On pivoting from philosophy to science:
I was in college and had no physics or particularly strong math background. I started wanting to study philosophy. I did science classes because they were part of the requirement. I thought physicists memorized equations and just recited facts. I had no idea what it was at all. The word sounded bad. And then in one of my classes, this guy came in to give a job talk. He had a Ph.D. in physics and was talking about the philosophy of physics. I was extremely moved, and this is something that still moves me: [Science] simply is true for all of us. It doesn’t matter if you are European or if you’re from Bangladesh. My collaborations go on with people around the world. My student from Hong Kong doesn’t have a different relativity than me. It’s just real. It’s thrilling. I think that’s also why I love talking about science as part of culture. While everyone is hitting cultural problems on the nose, what is undervalued is how transcendent and healing and connecting science can be just because of that.
On wearing many hats:
It’s very complicated. I’m a full-time professor so in the summer that means a lot of research. At Pioneer Works we’re starting to get back into the world with live-programming. And in the interim, I’m editor-in-chief of The Broadcast. I have a li’l team of editors who are always trying to commission cool people — we’re still figuring out as a group what we run, what we don’t run, why we think something works, why it didn’t work — so really, crafting the identity of The Broadcast.
On science as a part of culture:
For me, silos between disciplines have always been weird. All children draw. All children experiment with the earth and measure things and figure out how water pours. They’re experimental. The divisions that come later are the artifice. Not that we’re all naturally scientists and artists, and I don’t confuse those two. We’re not born into these bizarre molds from which we can’t lift our eyes. That’s just nonsense, and very harmful, creatively. For example, I’m visually inclined. A lot of the math I like is very visual, and even though it’s calculations on paper, there’s a big visual geometric element. A lot of drawings and thinking about space and orientation.

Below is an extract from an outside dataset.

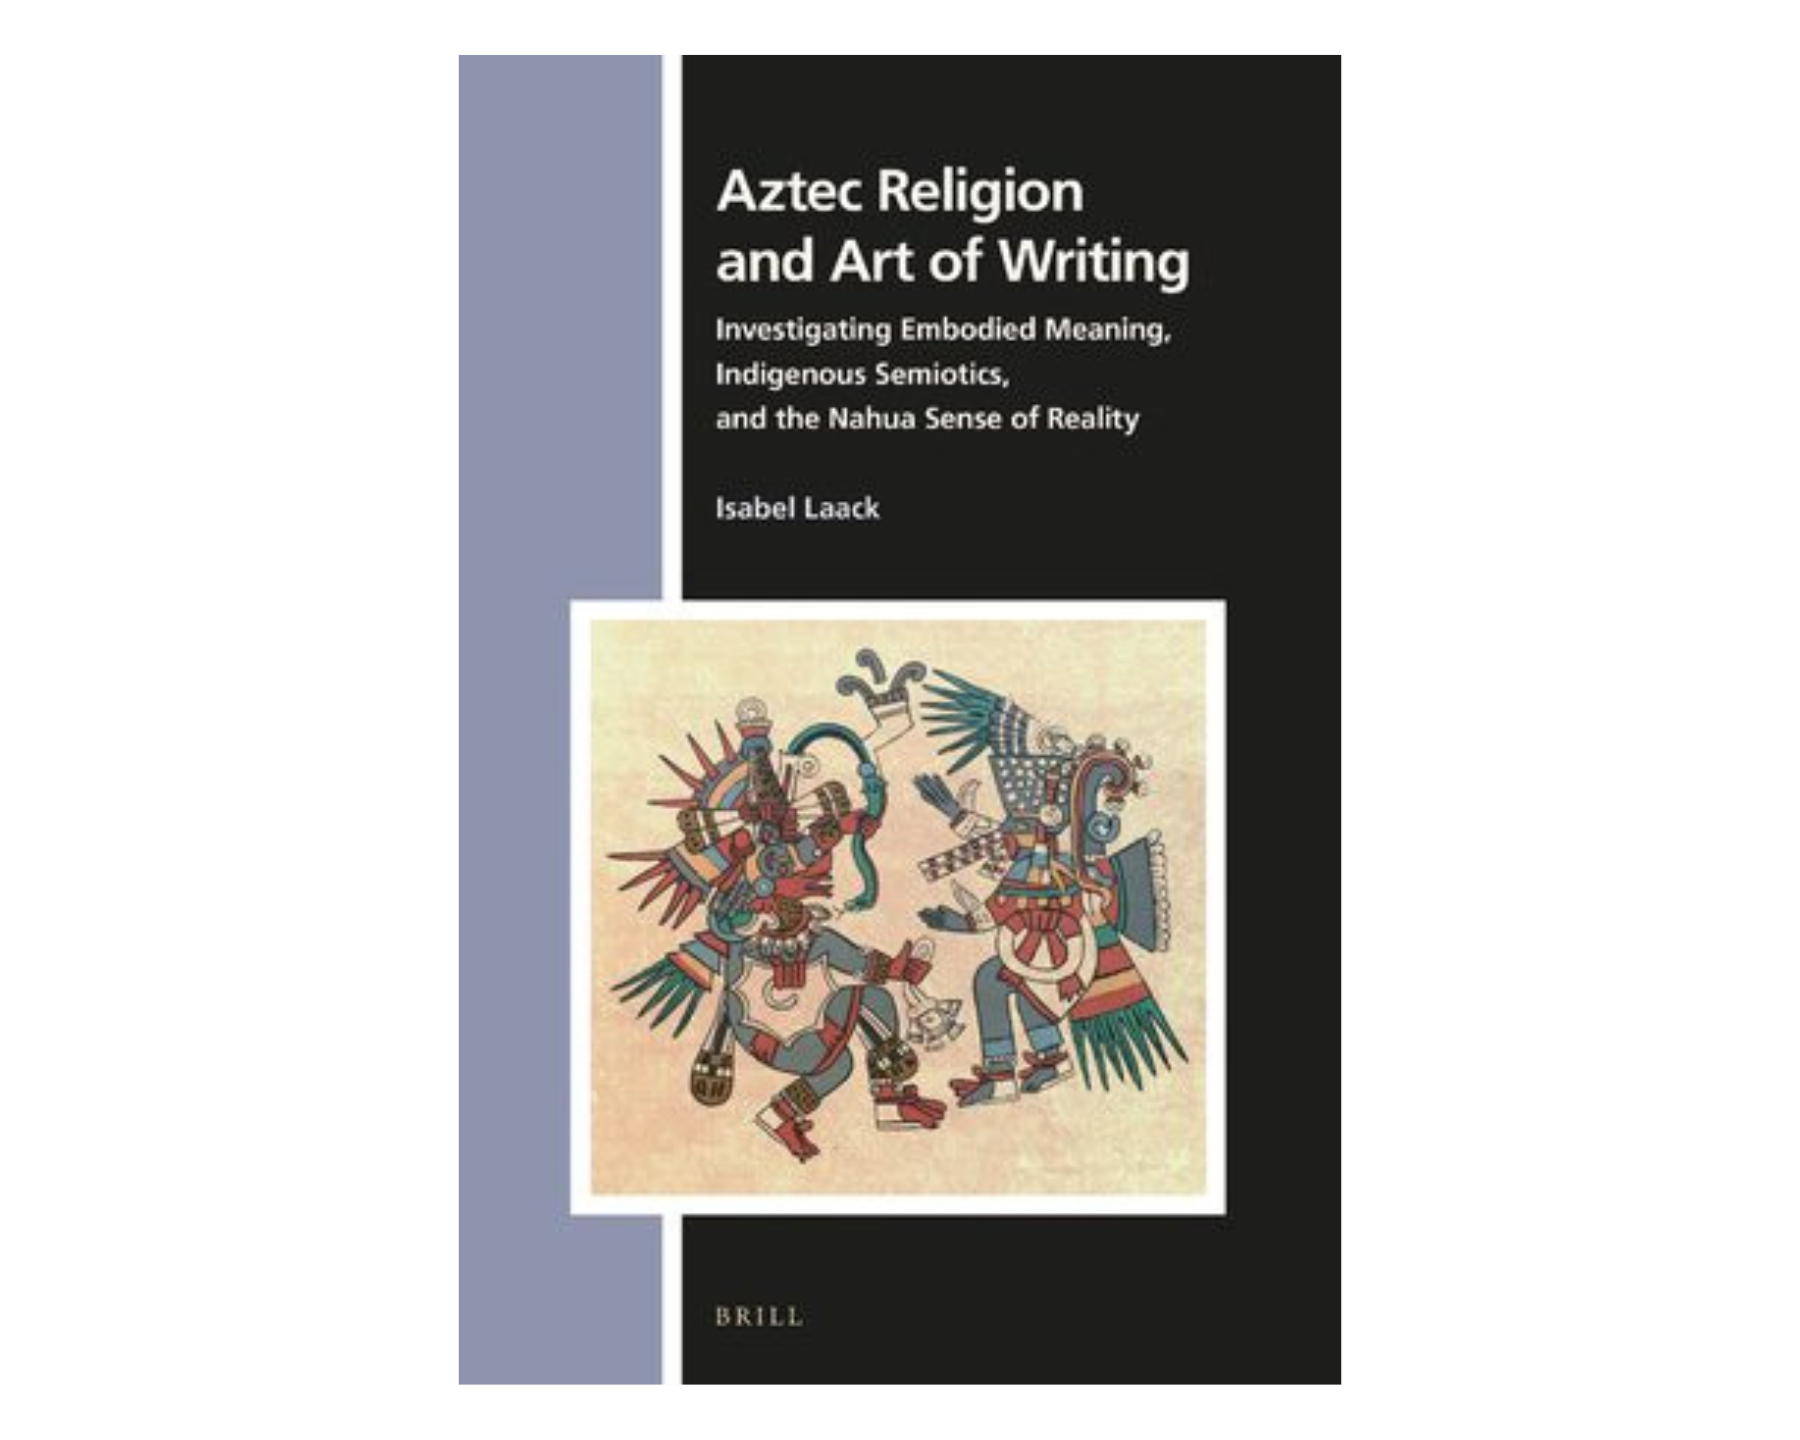 Cover: "Aztec Religion and Art of Writing"

On making time for big ideas:
During lockdown, it was meetings all day long, every day, and it was draining and unproductive. I’d exit the eight-hour workday and [then] have to get started on real stuff. That was actually quite devastating, and I think bad for the mind. A lot of what I do, I’m doing for my own sake ’cause I love it. I genuinely am doing it to keep myself from losing my own mind. That’s probably the hardest part, balancing what needs to be done and how you set aside time to do something really grand.
On motherhood:
What happens with kids — and nobody told me this — is they consume you when they’re very young, and then they go through a phase where it’s best for both of you to have a little space. You’re still there for them but you don’t want to be hovering. And then they come back again as teenagers where suddenly it’s like, Oh my God, they need you again. What everyone says is true: You don’t figure it out until you’ve made all your mistakes. A very dear friend said to me, “You’re gonna fuck up.” And I was like, “Whatt? Nuh-uh, I’m gonna do this right!” And ugh, every time I [mess up] I think about him. It’s very intense. You have to kind of tear yourself down in the process. You have to destroy a lot of your own ego in the process, to make room for theirs to grow.
On confidence:
I have many, many times suffered from terrible, crippling self-doubt. The worst thing is to seek approval from other people when you’re in that frame of mind, and it’s the first thing most people do. First, get a solid foundation in the thing that then defines you. From there, you can write a book, write a novel, experiment with film. I do have confidence in my own judgement. I rely on my own harsh criticism of my work. I think that’s held me in good stead. You hear Zadie Smith talk about this. Sometimes she sits down to write and someone really good shows up, and sometimes not, and you have to be able to know the difference. It’s crucial. I’m pretty quick to admit to mistakes, and I think that also helps. You have to be willing to point to it and say, That wasn’t good judgement.